Without these three staple dishes, there is no Christmas, at least, that is the sentiment for us Puerto Ricans.
Now that we are older, wiser and people of faith, we realize that there would be no Christmas if God had not sent the “Lamb.” When Jesus is called the Lamb of God in John 1:29 and John 1:36, it is referring to Him as the perfect and ultimate sacrifice for sin. In order to understand who Christ was and what He did, we must begin with the Old Testament, which contains prophecies concerning the coming of Christ as a “guilt offering” (Isaiah 53:10). In fact, the whole sacrificial system established by God in the Old Testament set the stage for the coming of Jesus Christ, who is the perfect sacrifice God would provide as atonement for the sins of His people (Romans 8:3, Hebrews 10).
It is not surprising to me now that I’ve been to the Holy Land, to understand who the Lamb is. I stood at the place called the “Shepherd’s Field.” At the birthplace of Jesus in nearby Bethlehem - the Shepherds would know Jesus because he would be the only newborn and as is well known from the often told Christmas story found in the Gospel of Luke 2, Mary wrapped her newborn son “in swaddling clothes” (Luke 2:7).
What on earth were swaddling clothes, and why would Luke have bothered to include this detail in his account of the birth of Jesus? Swaddling clothes are strips of cloth. This white linen was used to wrap the baby Jesus at the moment of His birth. The same swaddling clothes were used by the priests after they had bathed and cleaned the lambs that would be slaughtered at the temple in Jerusalem.
The clothes were used to wipe dry and clean the lamp going to be sacrificed.

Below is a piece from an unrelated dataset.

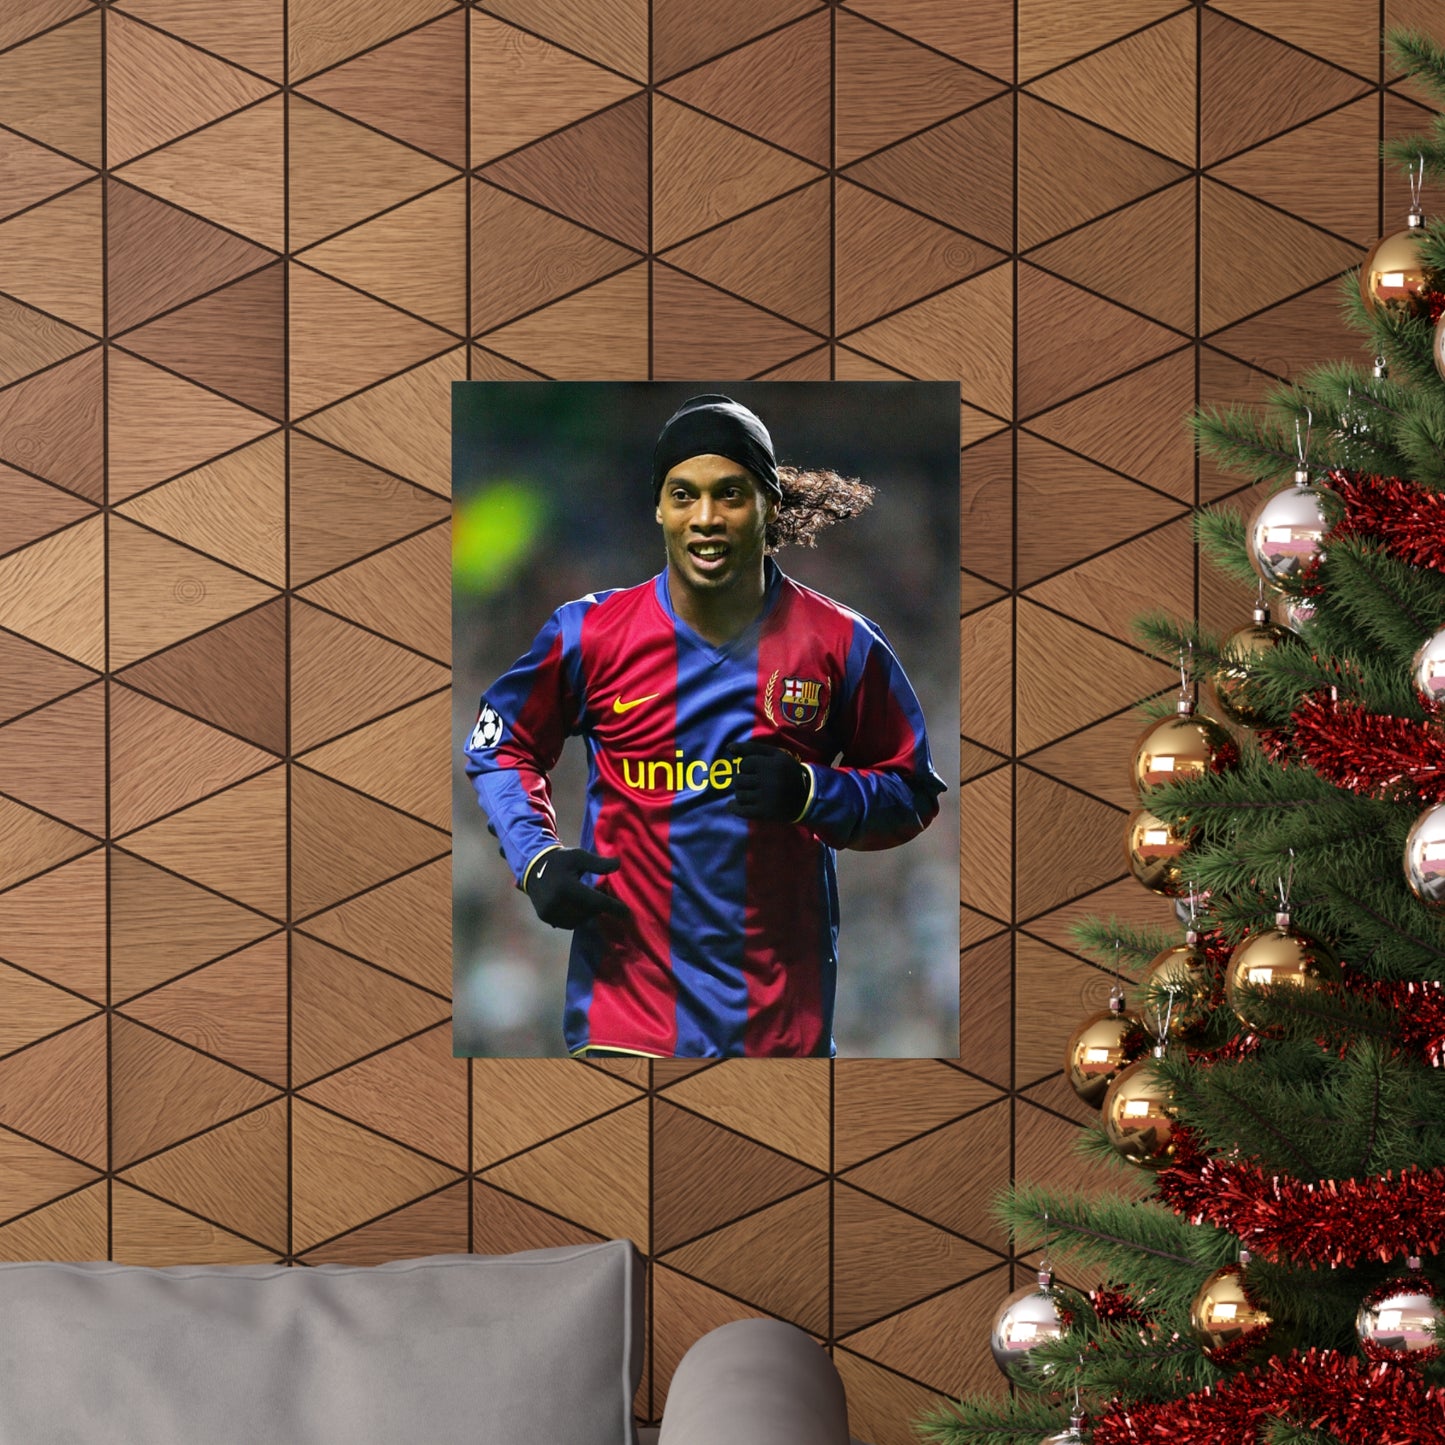 Ronaldinho Playing With Barcelona Poster

The newborn Jesus is already clean and pure. Jesus would go to Jerusalem, 30 years later, to be slaughtered for all humankind that would accept Him as Lord and Savior.

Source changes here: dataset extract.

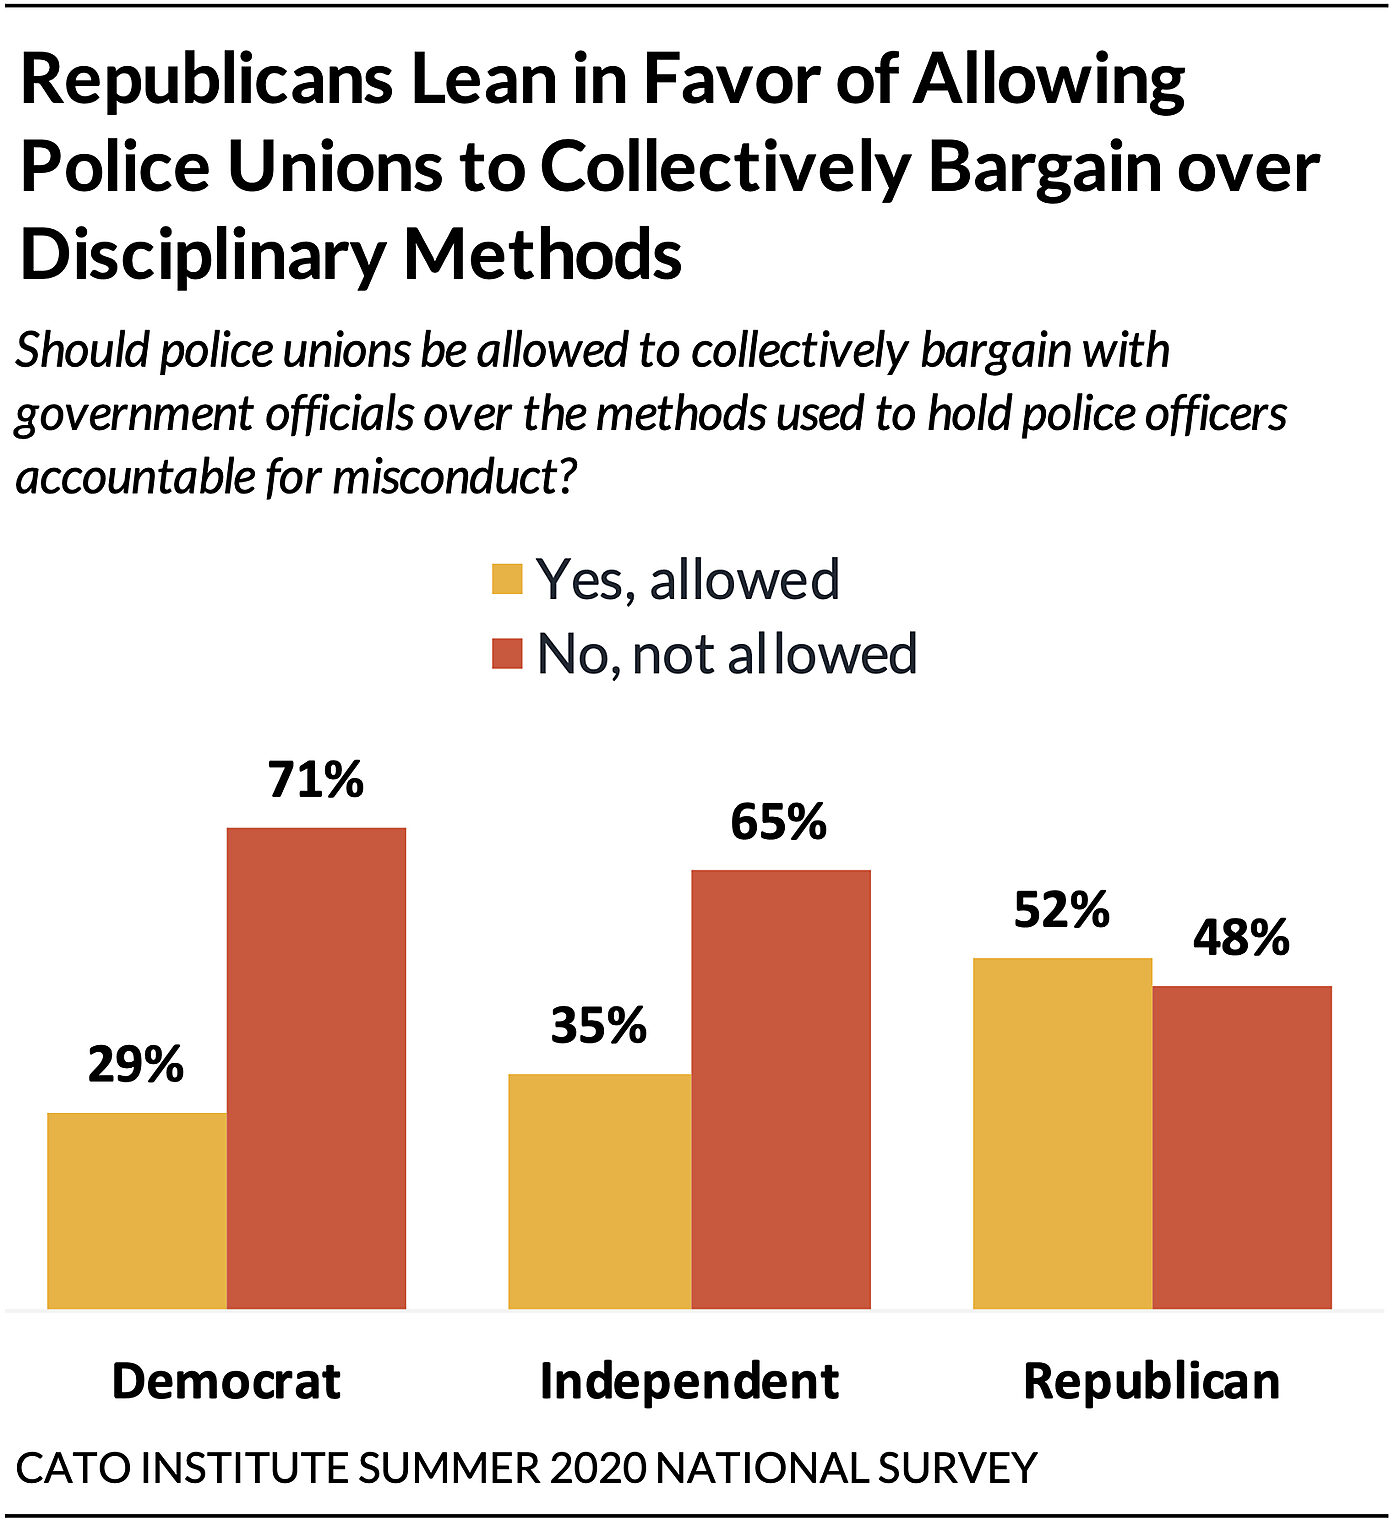 Republicans Lean in Favor of Allowing Police Unions to Collectively Bargain over Disciplinary Methods

All Christendom believes that it is through His death on the cross as God’s perfect sacrifice for sin and His resurrection three days later that we can now have eternal life if we believe in Him. The fact that God himself has provided the offering that atones for our sin is part of the glorious good news of the gospel that is so clearly declared in 1Peter 1:18-21. “For you know that it was not with perishable things such as silver or gold that you were redeemed from the empty way of life handed town to you from your forefathers, but with the precious blood of Christ, a lamp without blemish or defect. He was chosen before the creation of the world, but was revealed in these last times for your sake. Through him you believe in God, who raised him from the dead and glorified him, and so your faith and hope are in God.”
I rejoice in saying Have a Very Merry Christmas and Praise God for the Lamb!